Coly Li <colyli@xxxxxxx> · Sun, 24 Sep 2023 22:06:50 +0800

> 2023年9月23日 22:29，Andrea Tomassetti <andrea.tomassetti-opensource@xxxxxxxx> 写道：
> 
> Hi Coly,
> thank you very much for your quick reply.
> 
> On 22/9/23 16:22, Coly Li wrote:
>> On Fri, Sep 22, 2023 at 03:26:46PM +0200, Andrea Tomassetti wrote:
>>> Hi Coly,
>>> recently I was testing bcache on new HW when, while creating a bcache device
>>> with make-bcache -B /dev/nvme16n1, I got this kernel WARNING:
>>> 
>>> ------------[ cut here ]------------
>>> WARNING: CPU: 41 PID: 648 at mm/util.c:630 kvmalloc_node+0x12c/0x178
>>> Modules linked in: nf_conntrack_netlink nf_conntrack nf_defrag_ipv6
>>> nf_defrag_ipv4 nfnetlink_acct wireguard libchacha20poly1305 chacha_neon
>>> poly1305_neon ip6_udp_tunnel udp_tunnel libcurve25519_generic libchacha
>>> nfnetlink ip6table_filter ip6_tables iptable_filter bpfilter nls_iso8859_1
>>> xfs libcrc32c dm_multipath scsi_dh_rdac scsi_dh_emc scsi_dh_alua bcache
>>> crc64 raid0 aes_ce_blk crypto_simd cryptd aes_ce_cipher crct10dif_ce
>>> ghash_ce sha2_ce sha256_arm64 ena sha1_ce sch_fq_codel drm efi_pstore
>>> ip_tables x_tables autofs4
>>> CPU: 41 PID: 648 Comm: kworker/41:2 Not tainted 5.15.0-1039-aws
>>> #44~20.04.1-Ubuntu
>>> Hardware name: DEVO new fabulous hardware/, BIOS 1.0 11/1/2018
>>> Workqueue: events register_bdev_worker [bcache]
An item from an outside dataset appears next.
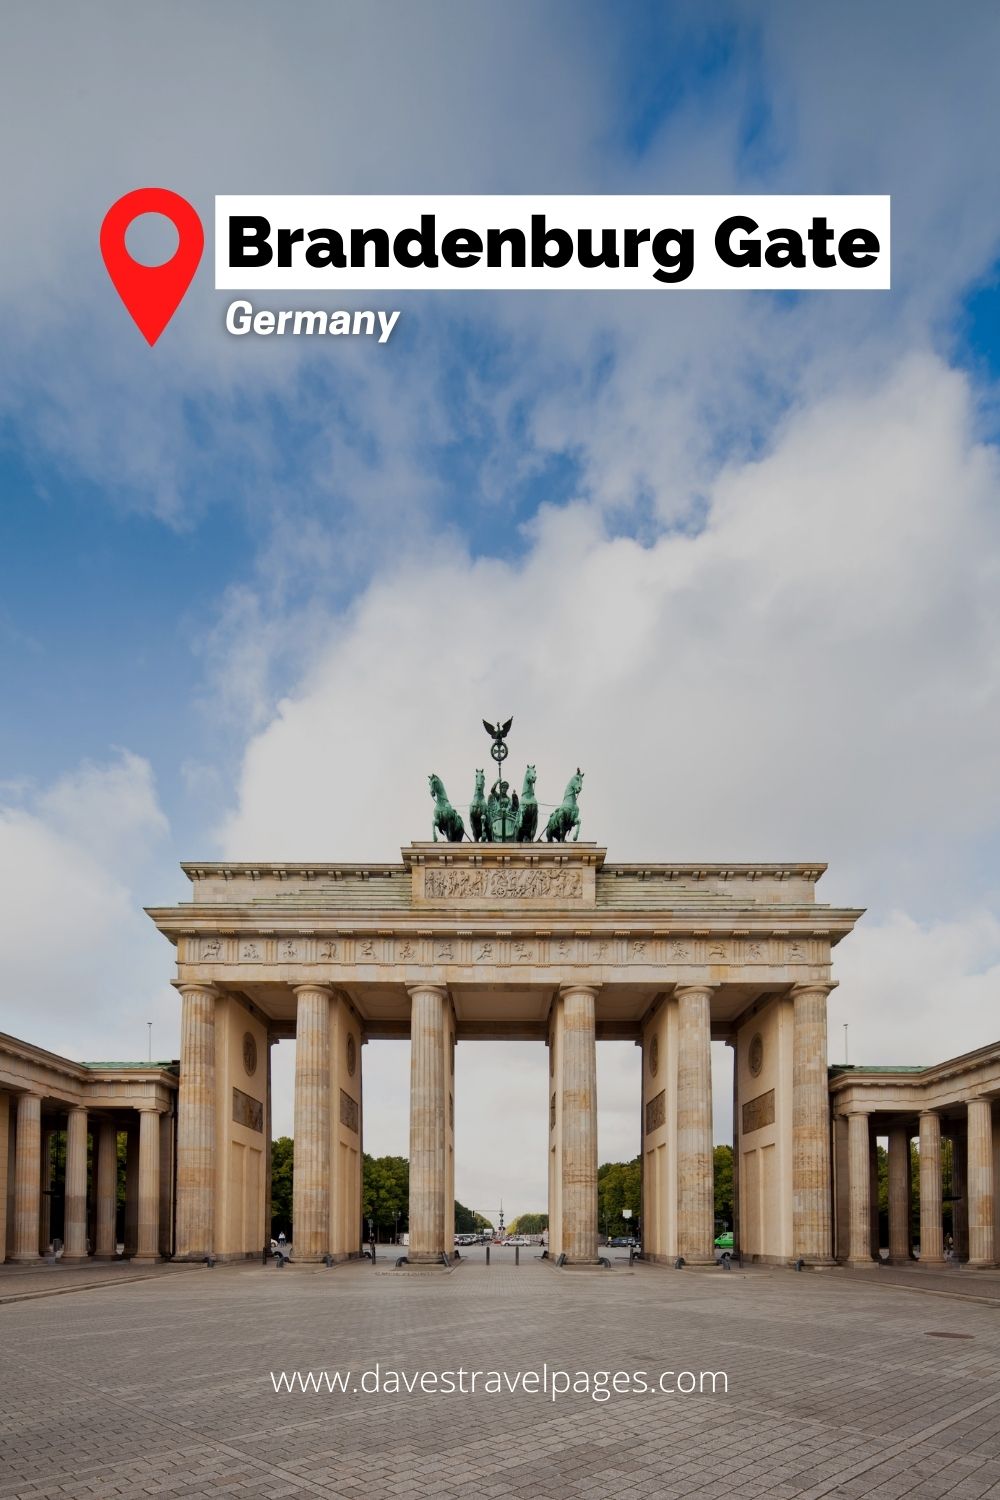 Brandenburg Gate is on a list of European landmarks

>>> pstate: 20400005 (nzCv daif +PAN -UAO -TCO -DIT -SSBS BTYPE=--)
>>> pc : kvmalloc_node+0x12c/0x178
>>> lr : kvmalloc_node+0x74/0x178
>>> sp : ffff80000ea4bc90
>>> x29: ffff80000ea4bc90 x28: ffffdfa18f249c70 x27: ffff0003c9690000
>>> x26: ffff00043160e8e8 x25: ffff000431600040 x24: ffffdfa18f249ec0
>>> x23: ffff0003c1d176c0 x22: 00000000ffffffff x21: ffffdfa18f236938
>>> x20: 00000000833ffff8 x19: 0000000000000dc0 x18: 0000000000000000
>>> x17: ffff20de6376c000 x16: ffffdfa19df02f48 x15: 0000000000000000
>>> x14: 0000000000000000 x13: 0000000000000000 x12: 0000000000000000
>>> x11: 0000000000000000 x10: 0000000000000000 x9 : ffffdfa19df8d468
>>> x8 : ffff00043160e800 x7 : 0000000000000010 x6 : 000000000000c8c8
>>> x5 : 00000000ffffffff x4 : 0000000000012dc0 x3 : 0000000100000000
>>> x2 : 00000000833ffff8 x1 : 000000007fffffff x0 : 0000000000000000
>>> Call trace:
>>>  kvmalloc_node+0x12c/0x178
>>>  bcache_device_init+0x80/0x2e8 [bcache]
>>>  register_bdev_worker+0x228/0x450 [bcache]
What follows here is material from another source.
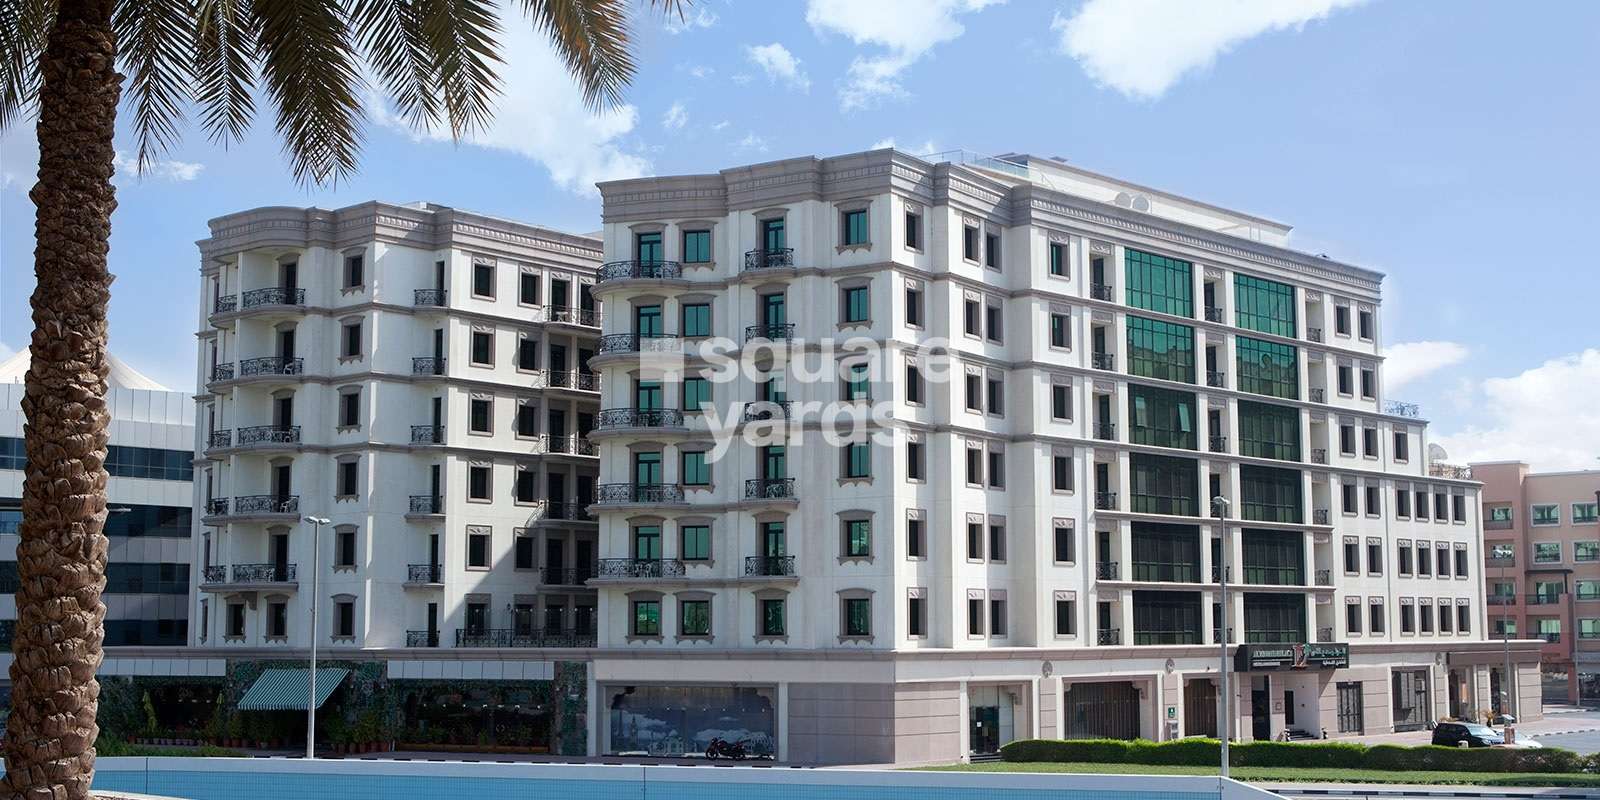 Al Waleed Palace Hotel Apartment Al Barsha Cover Image

>>>  process_one_work+0x200/0x4d8
>>>  worker_thread+0x148/0x558
>>>  kthread+0x114/0x120
>>>  ret_from_fork+0x10/0x20
>>> ---[ end trace e326483a1d681714 ]---
>>> bcache: register_bdev() error nvme16n1: cannot allocate memory
>>> bcache: register_bdev_worker() error /dev/nvme16n1: fail to register backing
>>> device
>>> bcache: bcache_device_free() bcache device (NULL gendisk) stopped
>>> 
>>> I tracked down the root cause: in this new HW the disks have an
>>> optimal_io_size of 4096. Doing some maths, it's easy to find out that this
>>> makes bcache initialization fails for all the backing disks greater than 2
>>> TiB. Is this a well-known limitation?
>>> 
>>> Analyzing bcache_device_init I came up with a doubt:
>>> ...
>>> n = DIV_ROUND_UP_ULL(sectors, d->stripe_size);
>>> if (!n || n > max_stripes) {
>>> pr_err("nr_stripes too large or invalid: %llu (start sector beyond end of
>>> disk?)\n",
>>> n);
>>> return -ENOMEM;
>>> }
>>> d->nr_stripes = n;
>>> 
>>> n = d->nr_stripes * sizeof(atomic_t);
>>> d->stripe_sectors_dirty = kvzalloc(n, GFP_KERNEL);
>>> ...
>>> Is it normal that n is been checked against max_stripes _before_ its value
>>> gets changed by a multiply it by sizeof(atomic_t) ? Shouldn't the check
>>> happen just before trying to kvzalloc n?
>>> 
>> The issue was triggered by d->nr_stripes which was orinially from
>> q->limits.io_opt which is 8 sectors. Normally the backing devices announce
>> 0 sector io_opt, then d->stripe_size will be 1<< 31 in bcache_device_init().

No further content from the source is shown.